Alice had stopped her conversation and was staring sideways at him.
"So I want you to search the area," Reacher said.
"We already searched the area."
"What kind of a radius?"
"Immediate surroundings."
"No, my guy says a mile or two north. You need to look under vegetation, in the cracks in the rock, pumping houses, anything there is. Some spot near where a vehicle could have pulled off the road."
"A mile or two north of the abandoned car?"
"My guy says not less than one, not more than two."
"On the left?"
"He’s pretty sure," Reacher said.
"You got a phone number?"
"I’ll call you back," Reacher said. "An hour from now."
He hung up. The woman with the baby was gone. Alice was still staring at him.
"What?" she said.
"We should have focused on Eugene before."
"Why?"
"Because what’s the one solid fact we’ve got here?"
"What?"
"Carmen didn’t shoot Sloop, that’s what."
"That’s an opinion, not a fact."
"No, it’s a fact, Alice. Believe me, I know these things."
She shrugged. "O.K., so?"
"So somebody else shot him. Which raises the question, why? We know Eugene is missing, and we know Sloop is dead. They were connected, lawyer and client. So let’s assume Eugene is dead, too, not just missing. For the sake of argument. They were working together on a deal that sprung Sloop from jail. Some kind of a big deal, because that isn’t easy. They don’t hand out remissions like candy. So it must have involved some heavy-duty information. Something valuable. Big trouble for somebody. Suppose that somebody took them both out, for revenge, or to stop the flow of information?"
"Where did you get this idea?"
"From Carmen, actually," he said. "She suggested that’s how I should do it. Off Sloop and make like stopping the deal was the pretext."

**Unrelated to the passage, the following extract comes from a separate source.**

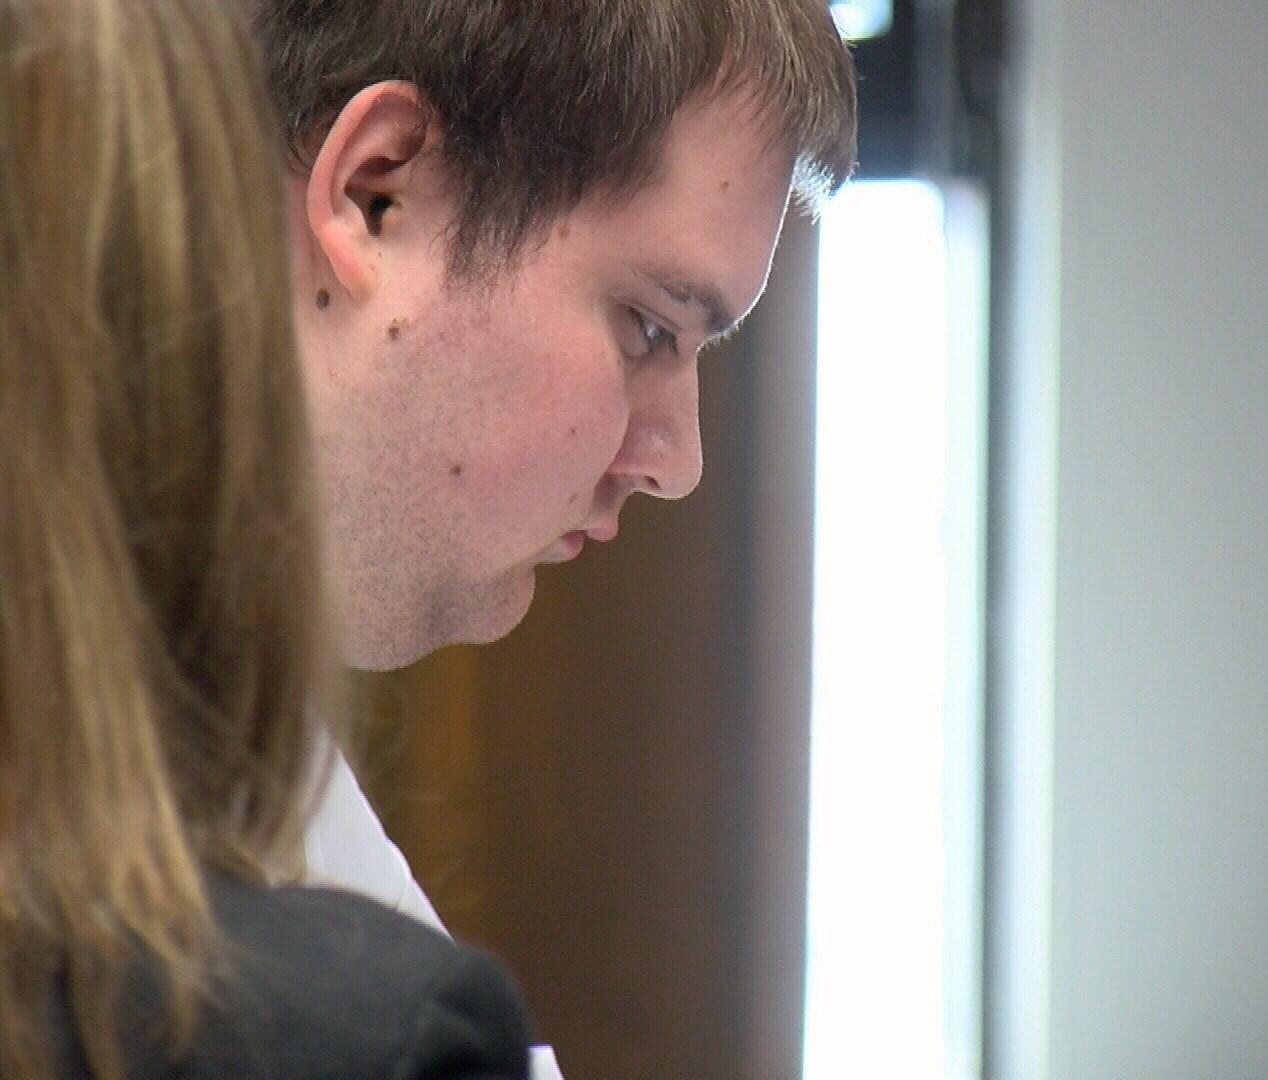 Christopher Montz in Court, August 2nd, 2018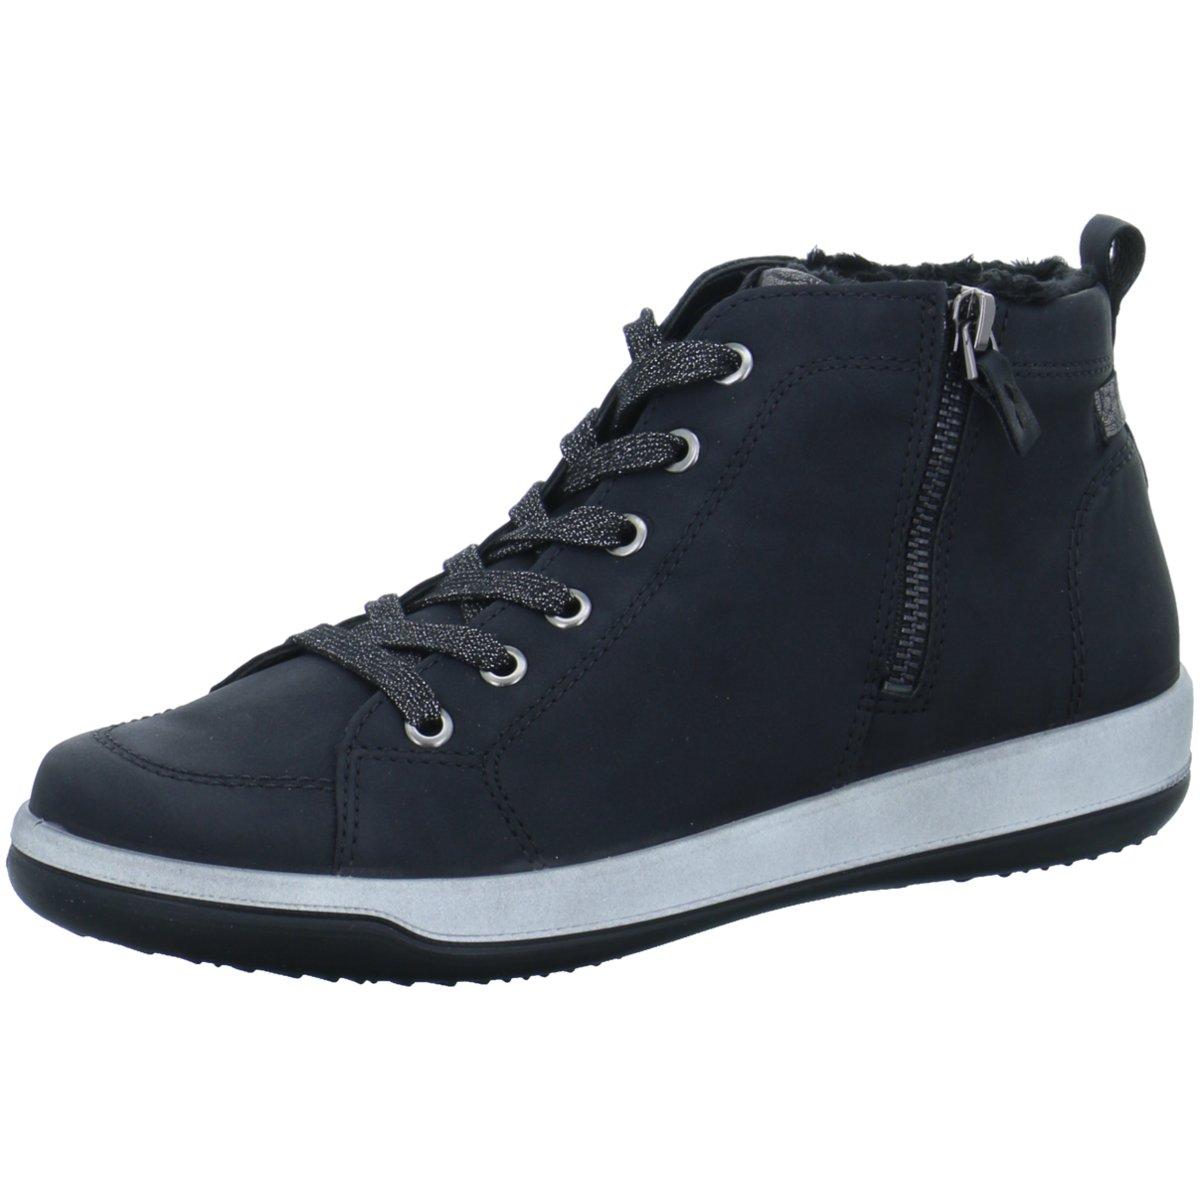 7852fd50d709 Nike Kyrie Irving 1 ID Mens size 13 Foams Air Air Air Jordan fb8317 ...

"So Carmen took her own advice."
"No, Carmen’s parallel," Reacher said. "She hated him, she had a motive, she’s all kinds of a liar, but she didn’t kill him. Somebody else did."
"Yes, for her."
"No," Reacher said. "It didn’t happen that way. She just got lucky. It was a parallel event. Like he was run over by a truck someplace else. Maybe she’s thrilled with the result, but she didn’t cause it."
"How sure are you?"
"Very sure. Any other way is ridiculous. Think about it, Alice. Anybody who shoots that well is a professional. Professionals plan ahead, at least a few days. And if she had hired a professional a few days ahead, why would she trawl around Texas looking for guys like me hitching rides? And why would she allow Sloop to be killed in her own bedroom, where she would be the number-one suspect? With her own gun?"
"So what do you think happened?"
"I think some hit team took Eugene out on Friday and covered their ass by hiding the body so it won’t be found until the trail is completely cold. Then they took Sloop out on Sunday and covered their ass by making it look like Carmen did it. In her bedroom, with her own gun."
"But she was with him. Wouldn’t she have noticed? Wouldn’t she have said?"
He paused. "Maybe she was with Ellie at the time. Maybe she walked back into the bedroom and found it done. Or maybe she was in the shower. Her hair was wet when they arrested her."
"Then she’d have heard the shots."
"Not with that shower. It’s like Niagara Falls. And a .22 pistol is quiet."
"How do you know where they’ll find Eugene’s body? Assuming you’re right?"
"I thought about how I would do it. They obviously had a vehicle of their own, out there in the middle of nowhere. So maybe they staged a breakdown or a flat. Flagged him down, forced him into their vehicle, drove him away. But they wouldn’t want to keep him in there long. Too risky. Two or three minutes maximum, I figure, which is a mile or two from a standing start."